A few weeks ago, I was trying to run Linux Debug mochitests in an unfamiliar environment and that got me to thinking about how well tests run on different computers. How much does the run-time environment – the hardware, the OS, system applications, UI, etc. – affect the reliability of tests?
At that time, Linux 64 Debug plain, non-e10s mochitests on treeherder – M(1) .. M(5) – were running well: Nearly all jobs were green. The most frequent intermittent failure was dom/html/test/test_fullscreen-api-race.html, but even that test failed only about 1 time in 10. I wondered, are those tests as reliable in other environments? Do intermittent failures reproduce with the same frequency on other computers?
Experiment: Borrow a test slave, run tests over VNC
I borrowed an aws test slave – see https://wiki.mozilla.org/ReleaseEngineering/How_To/Request_a_slave – and used VNC to access the slave and run tests. I downloaded builds and test packages from mozilla-central and invoked run_tests.py with the same arguments used for the automated tests shown on treeherder. To save time, I restricted my tests to mochitest-1, but I repeated mochitest-1 10 times. All tests passed all 10 times. Additional runs produced intermittent failures, like test_fullscreen-api-race, with approximately the same frequency reported by Orange Factor for recent builds. tl;dr Treeherder results, including intermittent failures, for mochitests can be reliably reproduced on borrowed slaves accessed with VNC.
Experiment: Run tests on my laptop
Next I tried running tests on my laptop, a ThinkPad w540 running Ubuntu 14. I downloaded the same builds and test packages from mozilla-central and invoked run_tests.py with the same arguments used for the automated tests shown on treeherder. This time I noticed different results immediately: several tests in mochitest-1 failed consistently. I investigated and tracked down some failures to environmental causes: essential components like pulseaudio or gstreamer not installed or not configured correctly. Once I corrected those issues, I still had a few permanent test failures (like dom/base/test/test_applet_alternate_content.html, which has no bugs on file) and very frequent intermittents (like dom/base/test/test_bug704320_policyset.html, which is decidedly low-frequency in Orange Factor). I also could not reproduce the most frequent mochitest-1 intermittents I found on Orange Factor and reproduced earlier on the borrowed slave. An intermittent failure like test_fullscreen-api-race, which I could generally reproduce at least once in 10 to 20 runs on a borrowed slave, I could not reproduce at all in over 100 runs on my laptop. (That’s 100 runs of the entire mochitest-1 job. I also tried running specific tests or specific directories of tests up to 1000 times, but I still could not reproduce the most common intermittent failures seen on treeherder.) tl;dr Intermittent failures seen on treeherder are frequently impossible to reproduce on my laptop; some failures seen on my laptop have never been reported before.

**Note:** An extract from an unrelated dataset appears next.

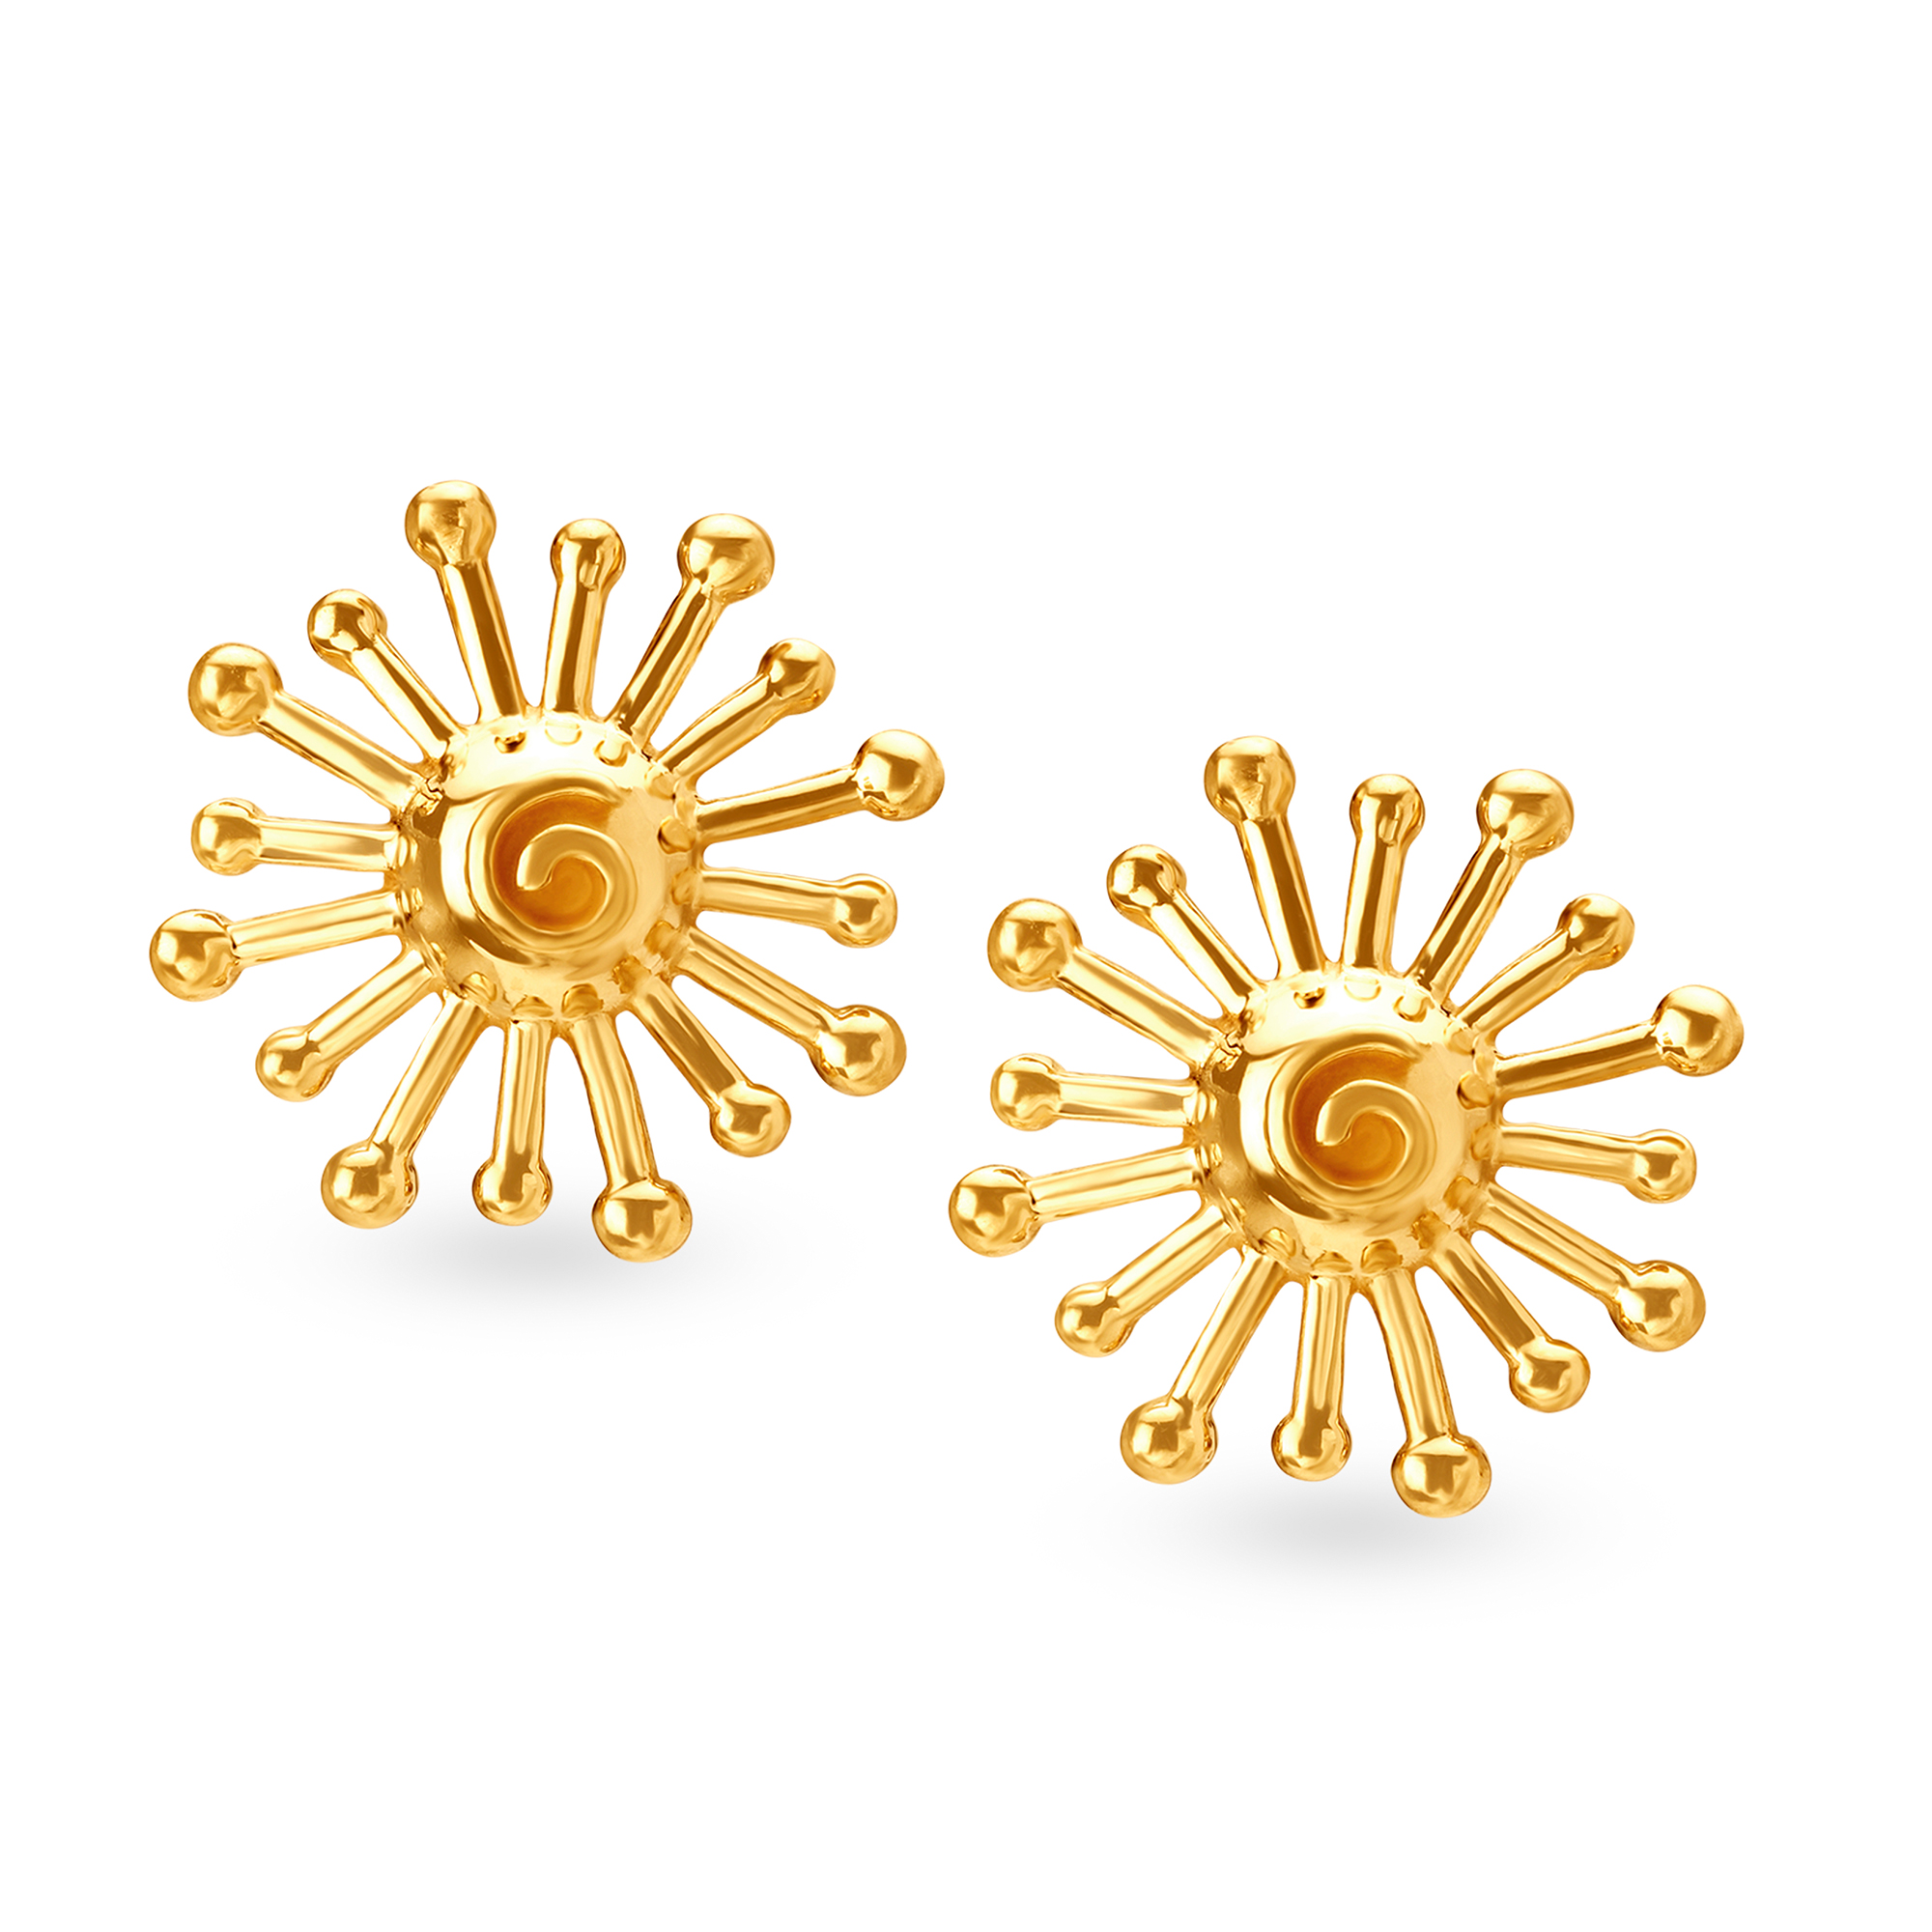 Contemporary Radiant Gold Stud Earrings

Experiment: Run tests on a Digital Ocean instance
Digital Ocean offers virtual servers in the cloud, similar to AWS EC2. Digital Ocean is of interest because rr can be used on Digital Ocean but not on aws. I repeated my test runs, again with the same methodology, on a Digital Ocean instance set up earlier this year for Orange Hunter.
My experience on Digital Ocean was very similar to that on my own laptop. Most tests pass, but there are some failures seen on Digital Ocean that are not seen on treeherder and not seen on my laptop, and intermittent failures which occur with some frequency on treeherder could not be reproduced on Digital Ocean.
tl;dr Intermittent failures seen on treeherder are frequently impossible to reproduce on Digital Ocean; some failures seen on Digital Ocean have never been reported before; failures on Digital Ocean are also different (or of different frequency) from those seen on my laptop.
I found it relatively easy to run Linux Debug mochitests in various environments in a manner similar to the test jobs we see on treeherder. Test results were similar to treeherder, in that most tests passed. That’s all good, and expected.
However, test results often differed in small but significant ways across environments and I could not reproduce most frequent intermittent failures seen on treeherder and tracked in Orange Factor. This is rather discouraging and the cause of the concern mentioned in my last post: While rr appears to be an excellent tool for recording and replaying intermittent test failures and seems to have minimal impact on the chances of reproducing an intermittent failure, rr cannot be run on the aws instances used to run Firefox tests in continuous integration, and it seems difficult to reproduce many intermittent test failures in different environments. (I don’t have a good sense of why this is: Timing differences, hardware, OS, system configuration?)
If rr could be run on aws, all would be grand: We could record test runs in aws with excellent chances of reproducing and recording intermittent test failures and could make those recordings available to developers interested in debugging the failures. But I don’t think that’s possible.
We had hoped that we could run tests in another environment (Digital Ocean) and observe the same failures seen on aws and reported in treeherder, but that doesn’t seem to be the case.
Another possibility is bug 1226676: We hope to start running Linux tests in a docker container soon. Once that’s working, if rr can be run in the container, perhaps intermittent failures will behave the same way and can be reproduced and recorded.